People also try to use backtracking as a way to get to the root of their trouble. They try to go back in time and rekindle relationships they had – most of the time subconsciously to see if perhaps it’ll work this time or to find the root of their problem from the first time. If you get to know who you are before you enter into these relationships you won’t be left wondering later if you part ways and trying to rekindle something that will never work. You also aren’t going to find your answer in someone else. You need to find your true self before you can ever expect to be able to carry on a healthy and true relationship with anyone else. Otherwise, you are just bringing your baggage into the relationship and it will ultimately become that divider in the relationship that leads to its demise. (There are plenty of those folks on Facebook who find an old boyfriend from elementary school and try to rekindle something as a “long lost love of her life” only to be let down again and on to the next “soul mate”). The pattern is just going to keep repeating for them until they figure out who they are and repair that kink. You can’t go into a relationship broken and expect it to heal you. 99% of the time it doesn’t work and all you’re going to do is break the relationship.
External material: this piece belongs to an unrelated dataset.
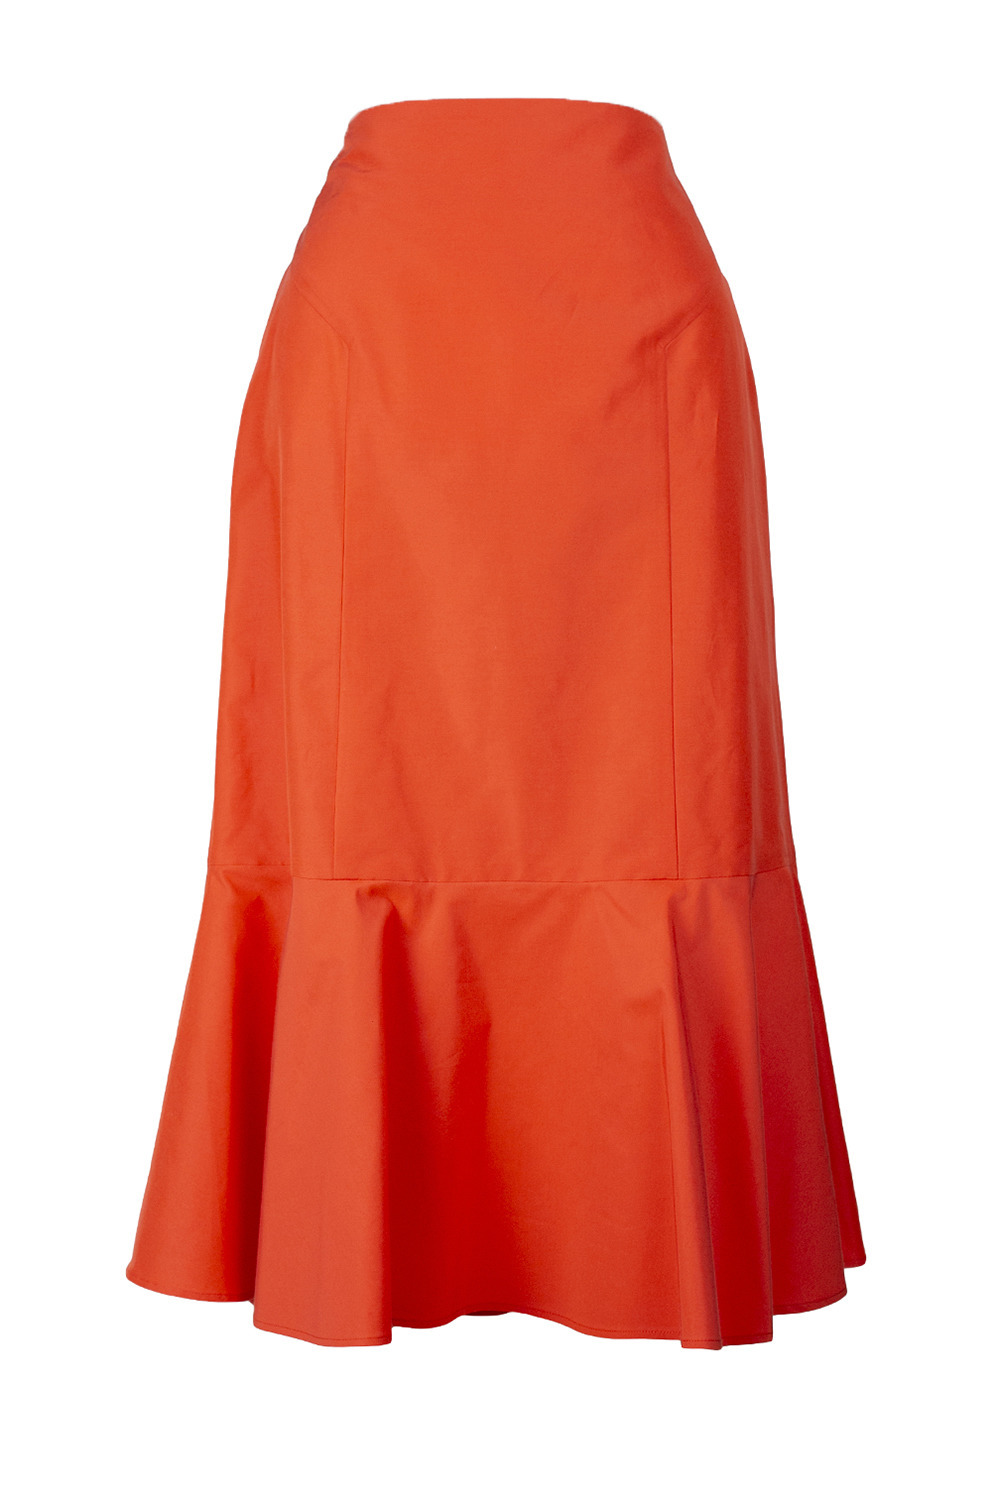 Silk Cotton Color Series スカート 詳細画像 オレンジ

My best comparison is that drama queens will always be that way until they realize what it is in them that wants to create the drama and realize that even though they get a temporary sense of popularity from being that way, in the end they are left unfulfilled and without close friends. If they’re not interested in ever having a close relationship or friendship then they have no reason to want to find the answers to it. But once they realize it’s not the lifestyle they want and they search for the answers to those questions they usually are freed of the need to create drama and begin to develop more meaningful relationships with others and helping to better their chances of maintaining those more meaningful relationships because they entered into them in a healthier and more knowing/understanding state of mind.
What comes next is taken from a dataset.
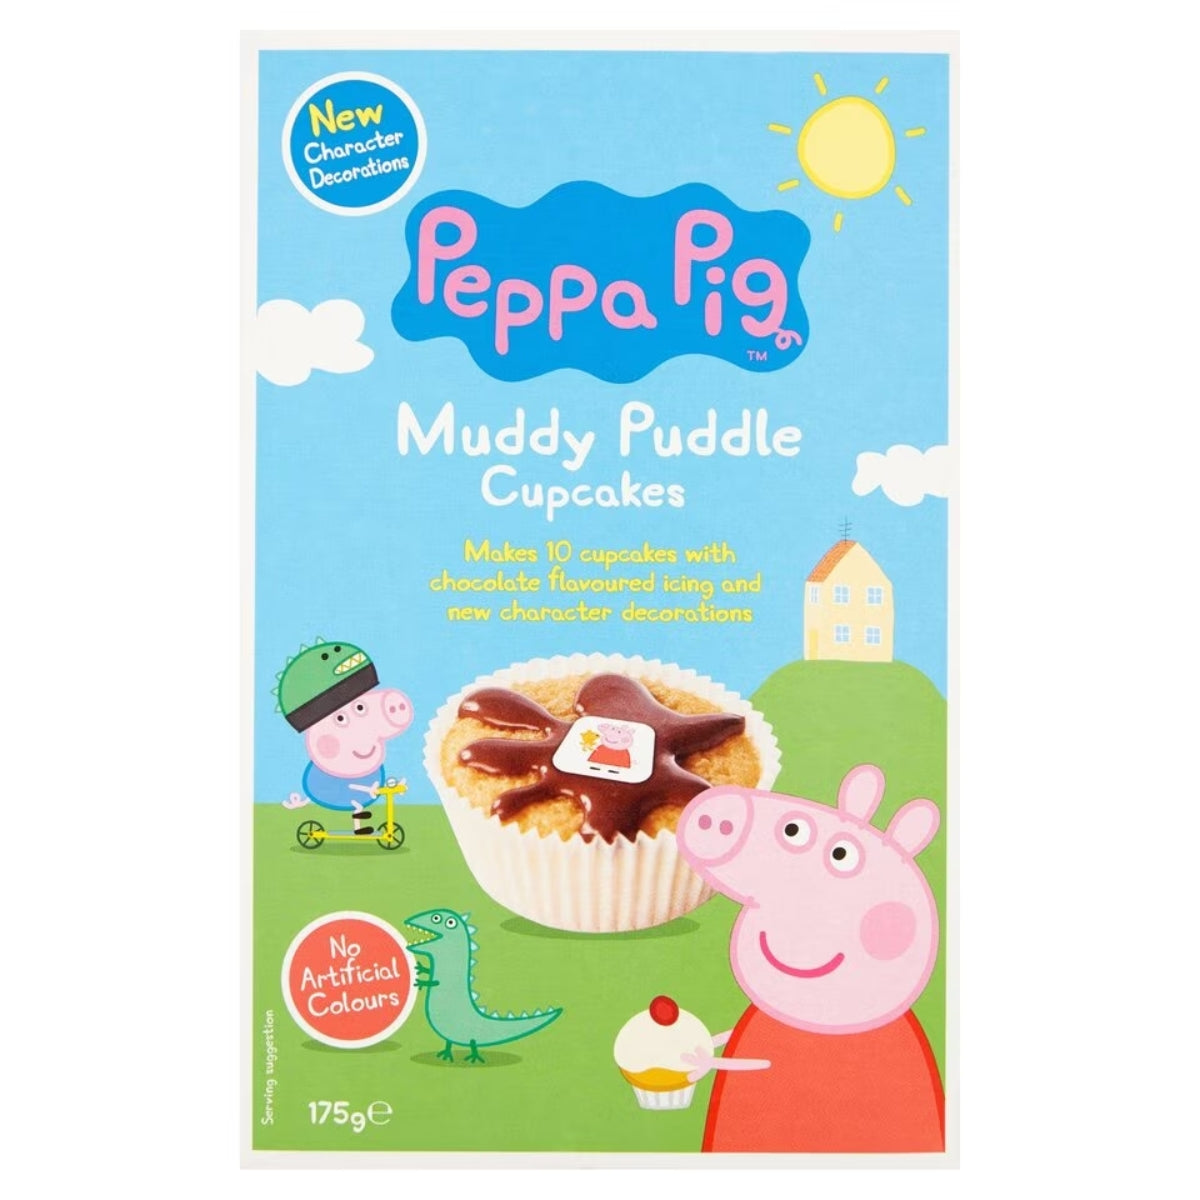 Peppa Pig - Muddy Puddle Cupcakes Mix - 175g.

So the simple answer could just be that you don’t know yourself well enough yet and your journey has just simply led to some people not feeling that connection anymore because as you discover yourself and morph into who you are they realize you’re no longer compatible and they detach. Or it could be vice versa and that you detach or do things to show that you’re no longer compatible with people as you start to become you. It doesn’t mean you or the people you know aren’t developed the way they should be. Everyone’s on a different path and going in different speeds. We’re not done becoming who we are until we’re done here and by that time, we’re done & it’s over. So all you can do is continue to find yourself and the bigger meaning in life. People will always come and go through that process. That’s normal. But having a deeper sense of self before entering into those relationships will help you to avoid the ones that are simply destined for destruction and help surround yourself with the type of people that can help your journey rather than hinder it.